● **Your objective**:
Images excepted, the data below must be repeated exactly.

● **Recorded information**:
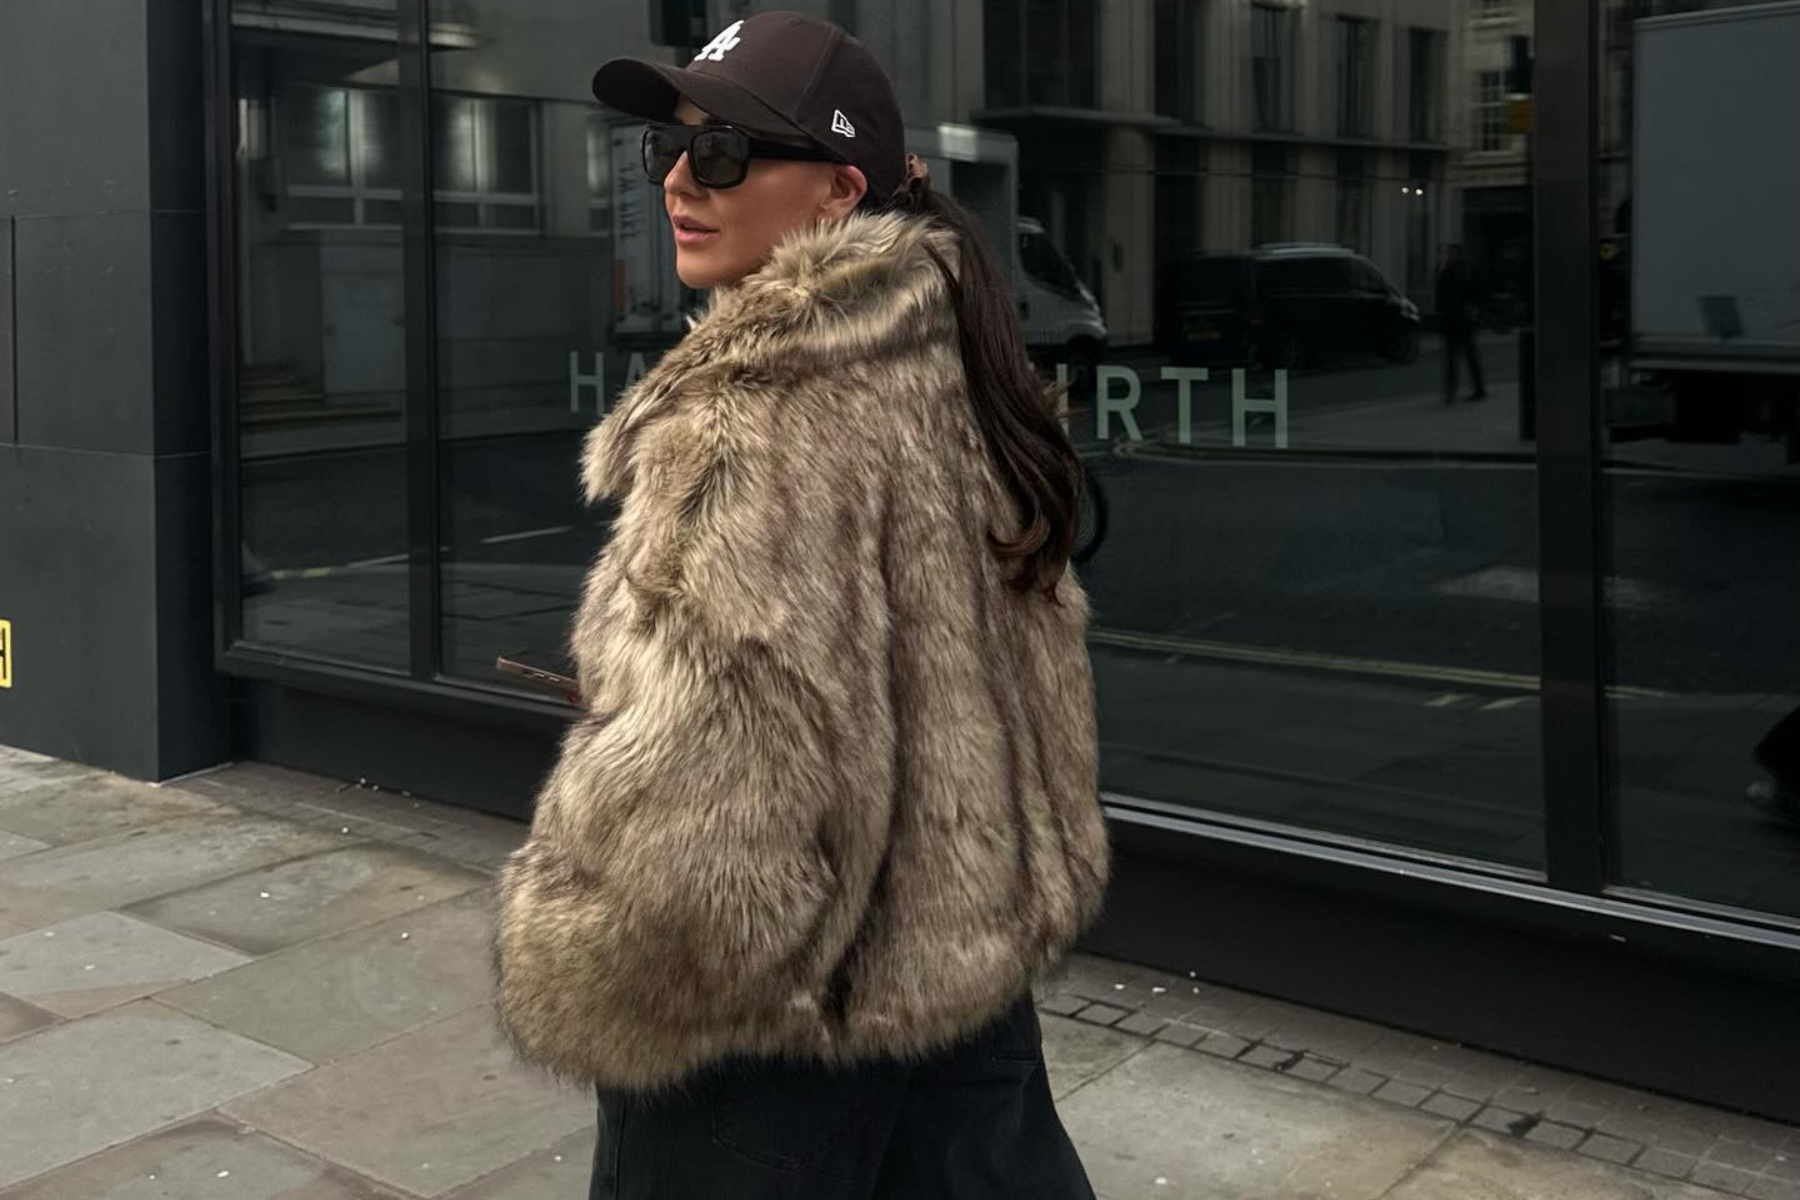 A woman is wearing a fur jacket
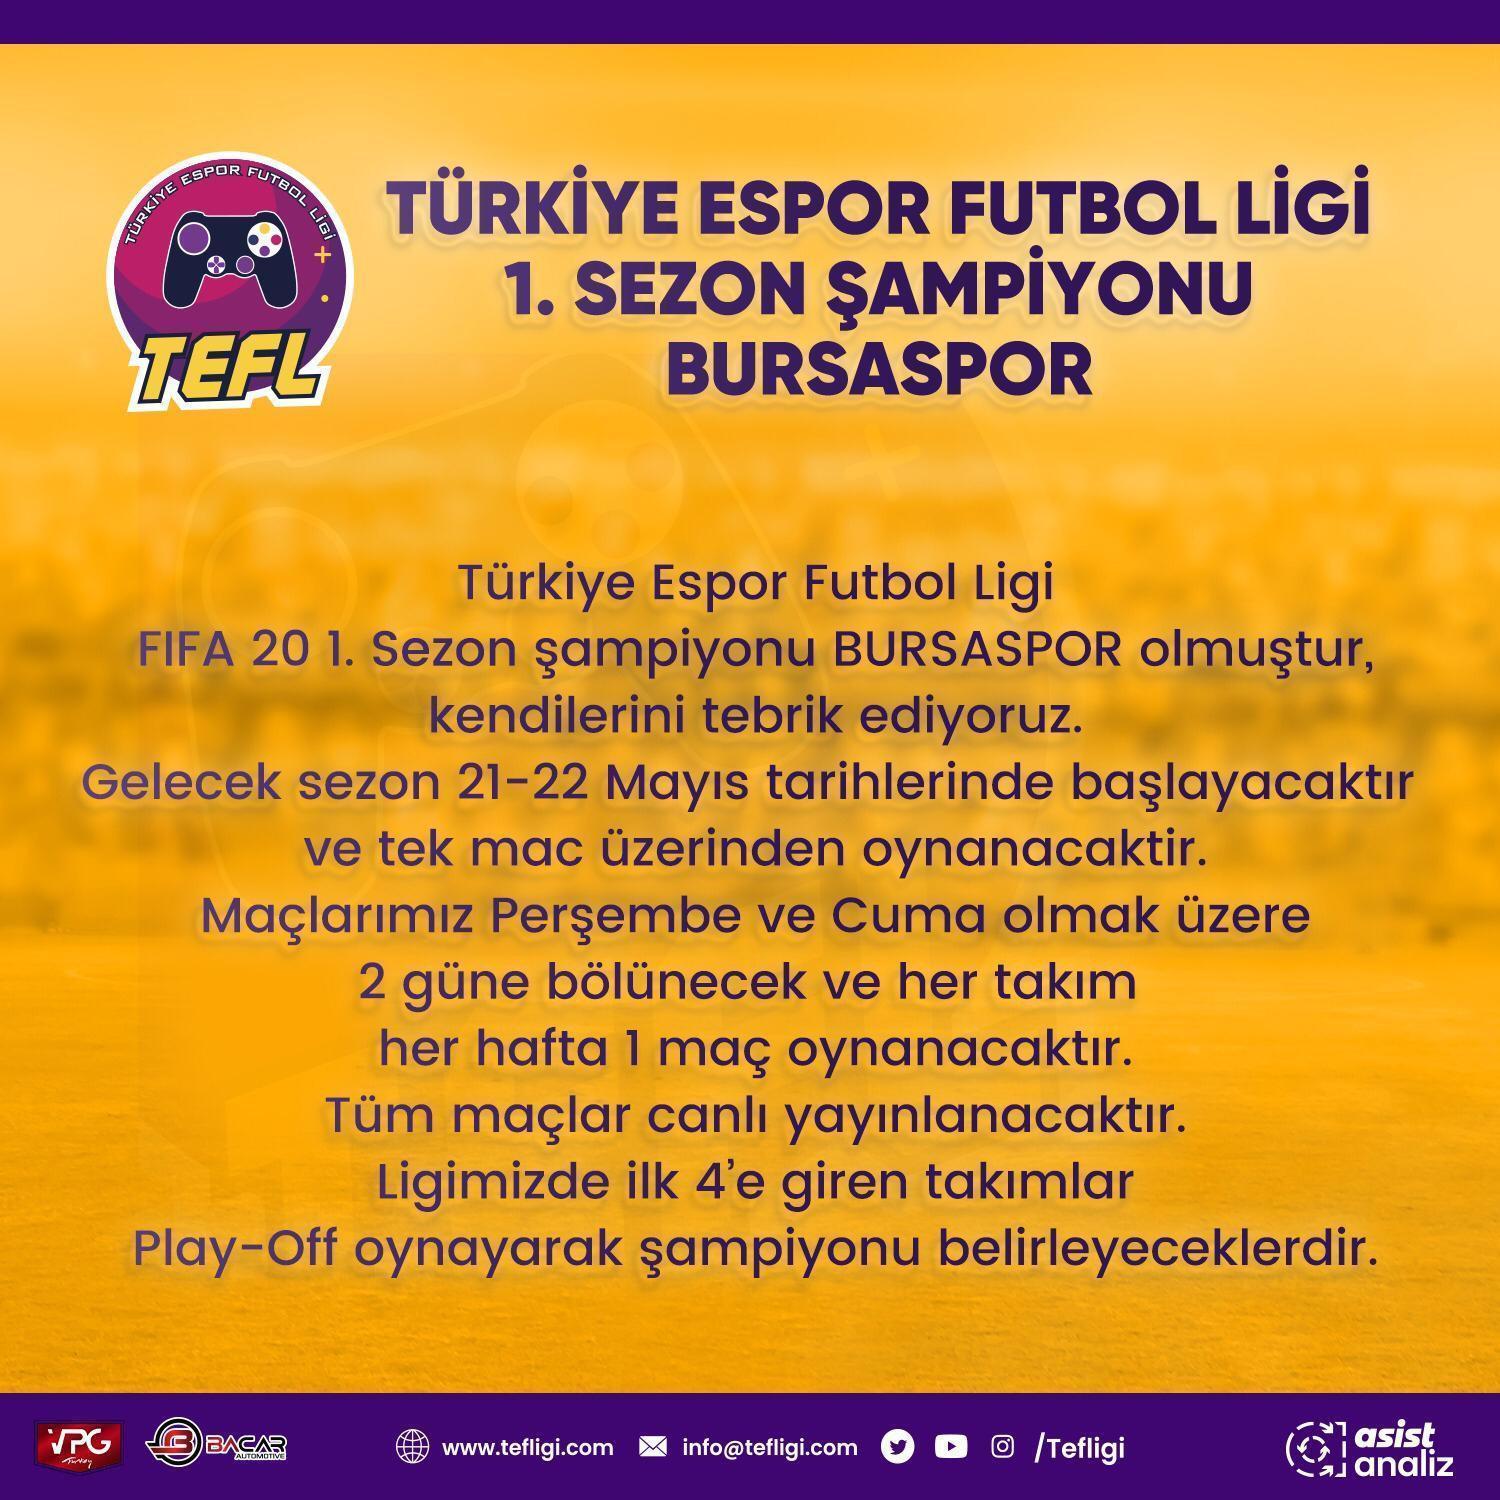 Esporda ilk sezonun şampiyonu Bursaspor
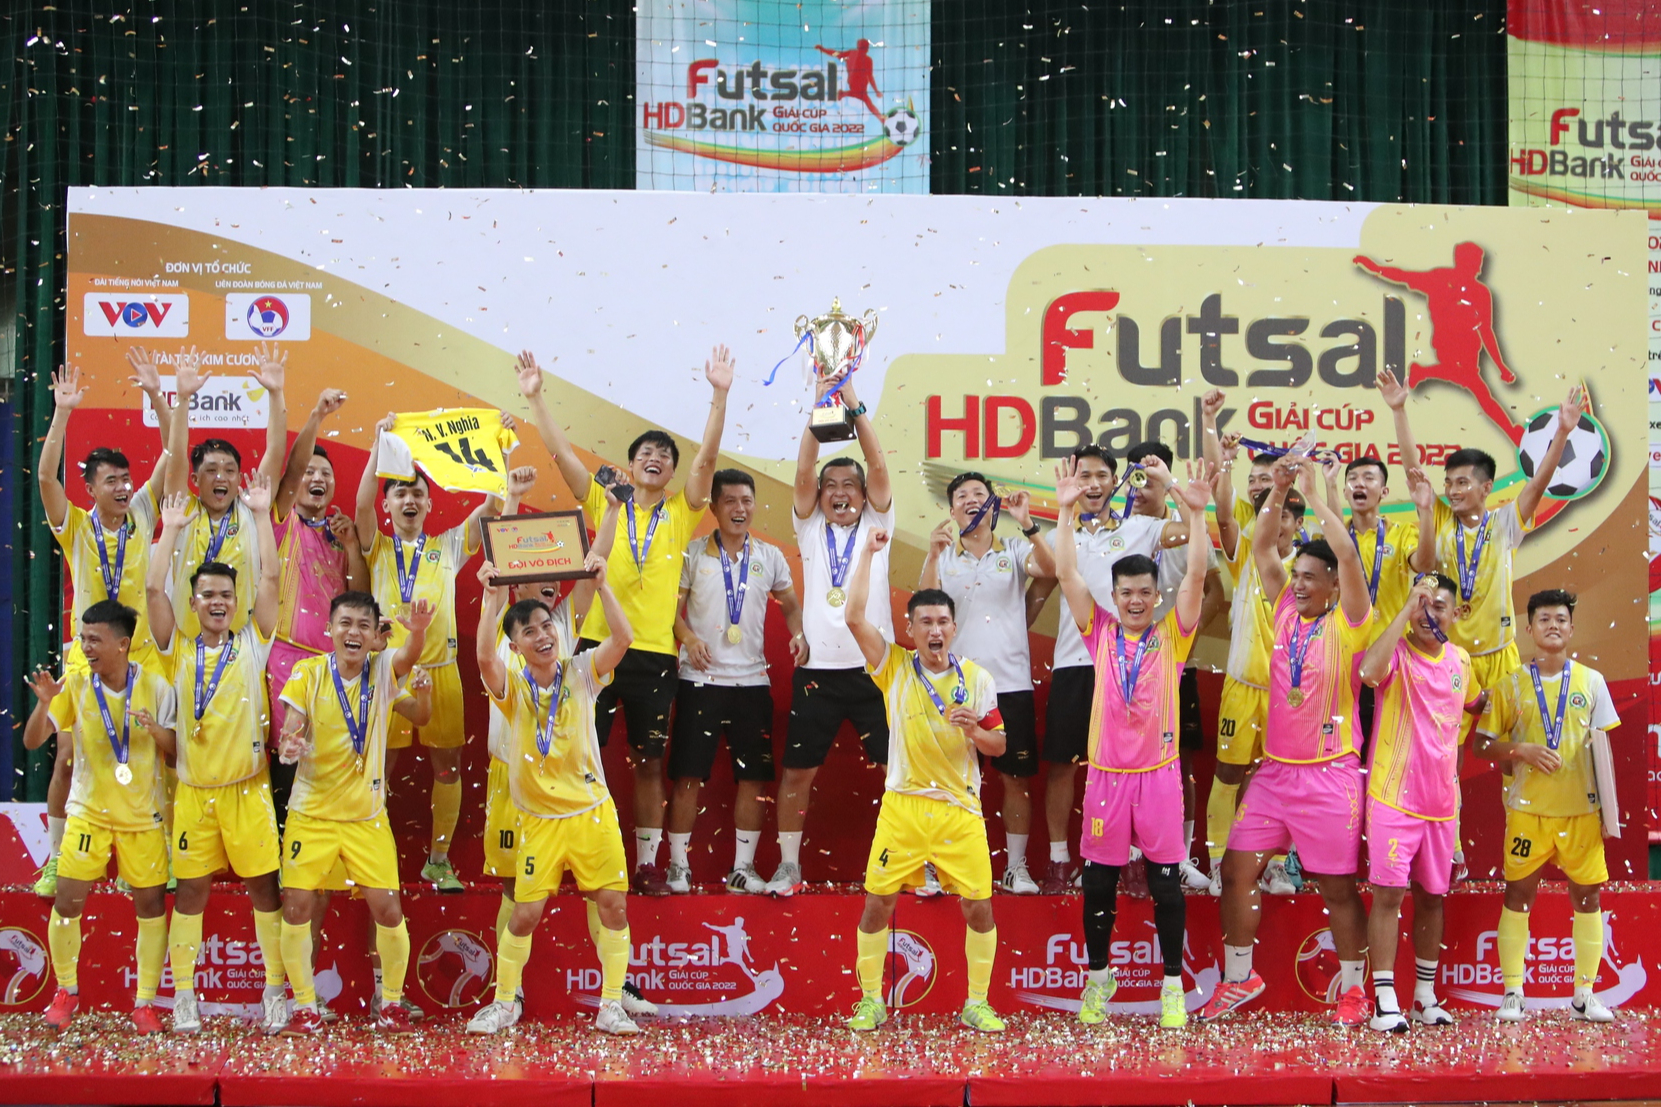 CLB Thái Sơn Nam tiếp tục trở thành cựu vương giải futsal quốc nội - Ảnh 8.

● **Task response**:
 A woman is wearing a fur jacket
 Esporda ilk sezonun şampiyonu Bursaspor
 CLB Thái Sơn Nam tiếp tục trở thành cựu vương giải futsal quốc nội - Ảnh 8.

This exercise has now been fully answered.